探索知识蒸馏和登录匹配之间的连接 (Exploring the Connection between Knowledge Distillation and Logits Matching) - 专知论文

会员服务 ·

0

对数几率 · 蒸馏 · 规范化 · Softmax · 正则化 ·

2021 年 9 月 14 日

Exploring the Connection between Knowledge Distillation and Logits Matching

翻译：探索知识蒸馏和登录匹配之间的连接

Defang Chen,Can Wang,Yan Feng,Chun Chen

from arxiv, Technical Report

Knowledge distillation is a generalized logits matching technique for model compression. Their equivalence is previously established on the condition of $\textit{infinity temperature}$ and $\textit{zero-mean normalization}$. In this paper, we prove that with only $\textit{infinity temperature}$, the effect of knowledge distillation equals to logits matching with an extra regularization.
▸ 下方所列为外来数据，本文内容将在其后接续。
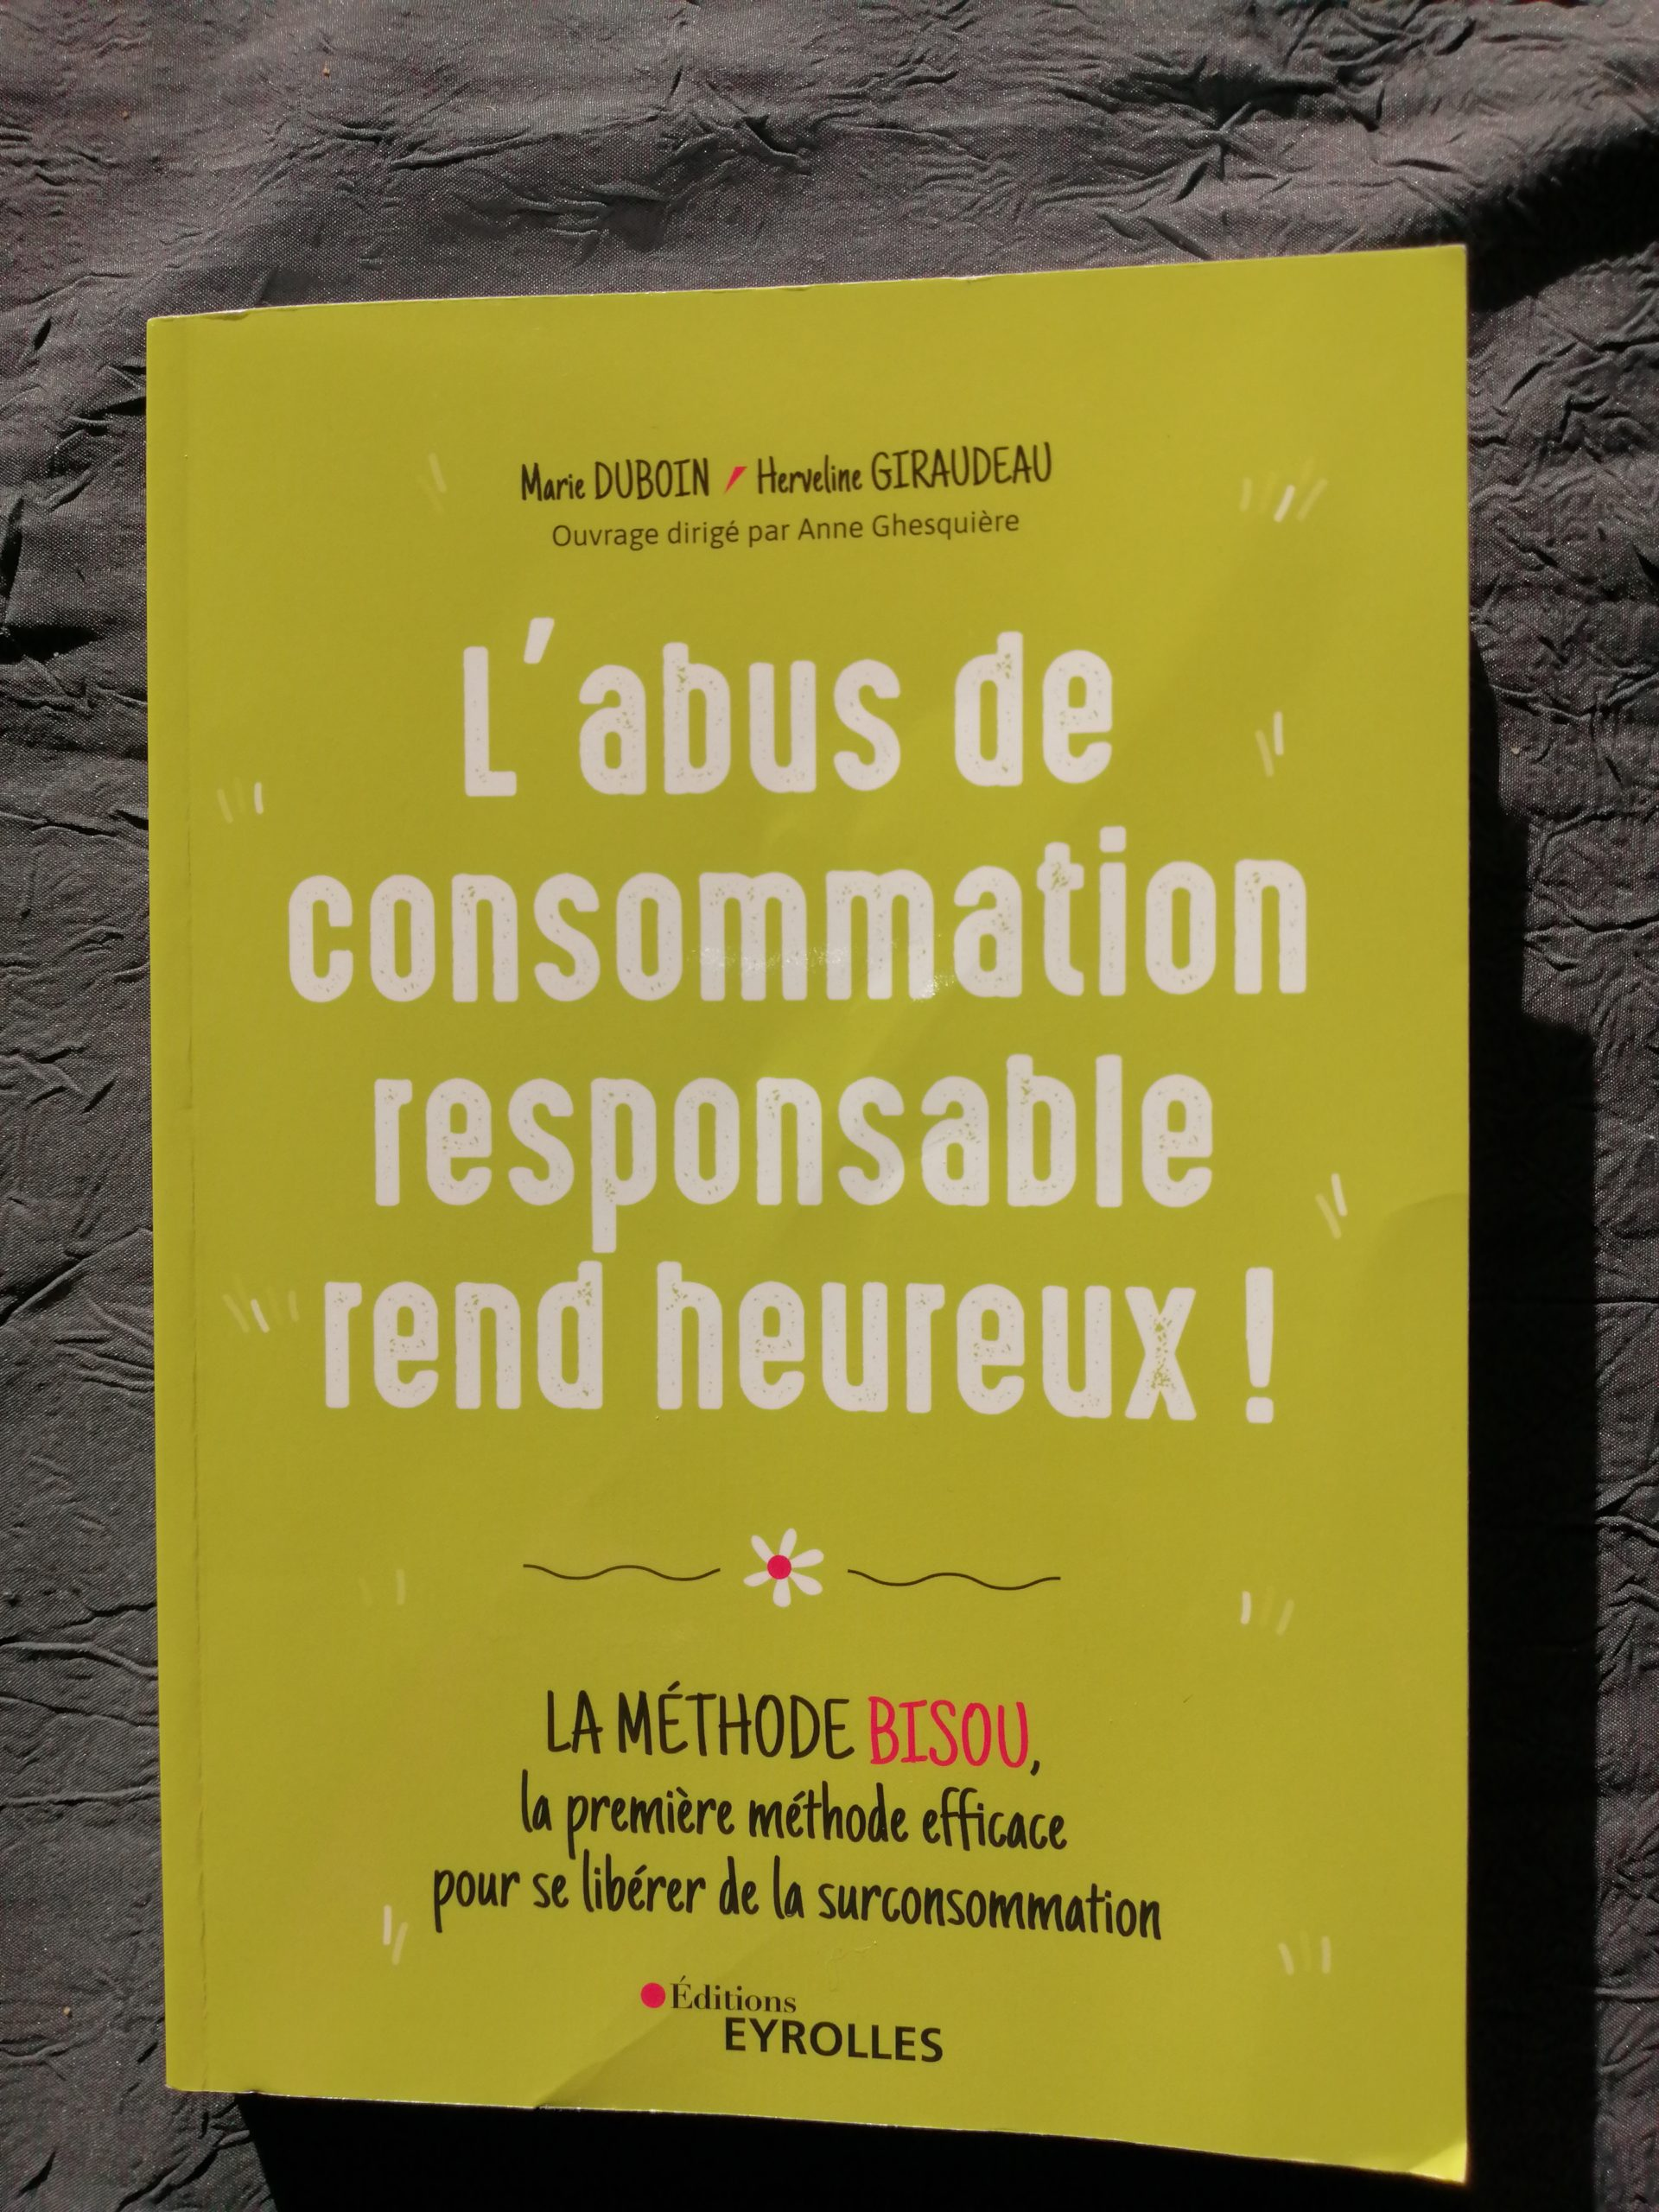 L'abus de consommation responsable rend heureux

Furthermore, we reveal that an additional weaker condition -- $\textit{equal-mean initialization}$ rather than the original $\textit{zero-mean normalization}$ already suffices to set up the equivalence. The key to our proof is we realize that in modern neural networks with the cross-entropy loss and softmax activation, the mean of back-propagated gradient on logits always keeps zero.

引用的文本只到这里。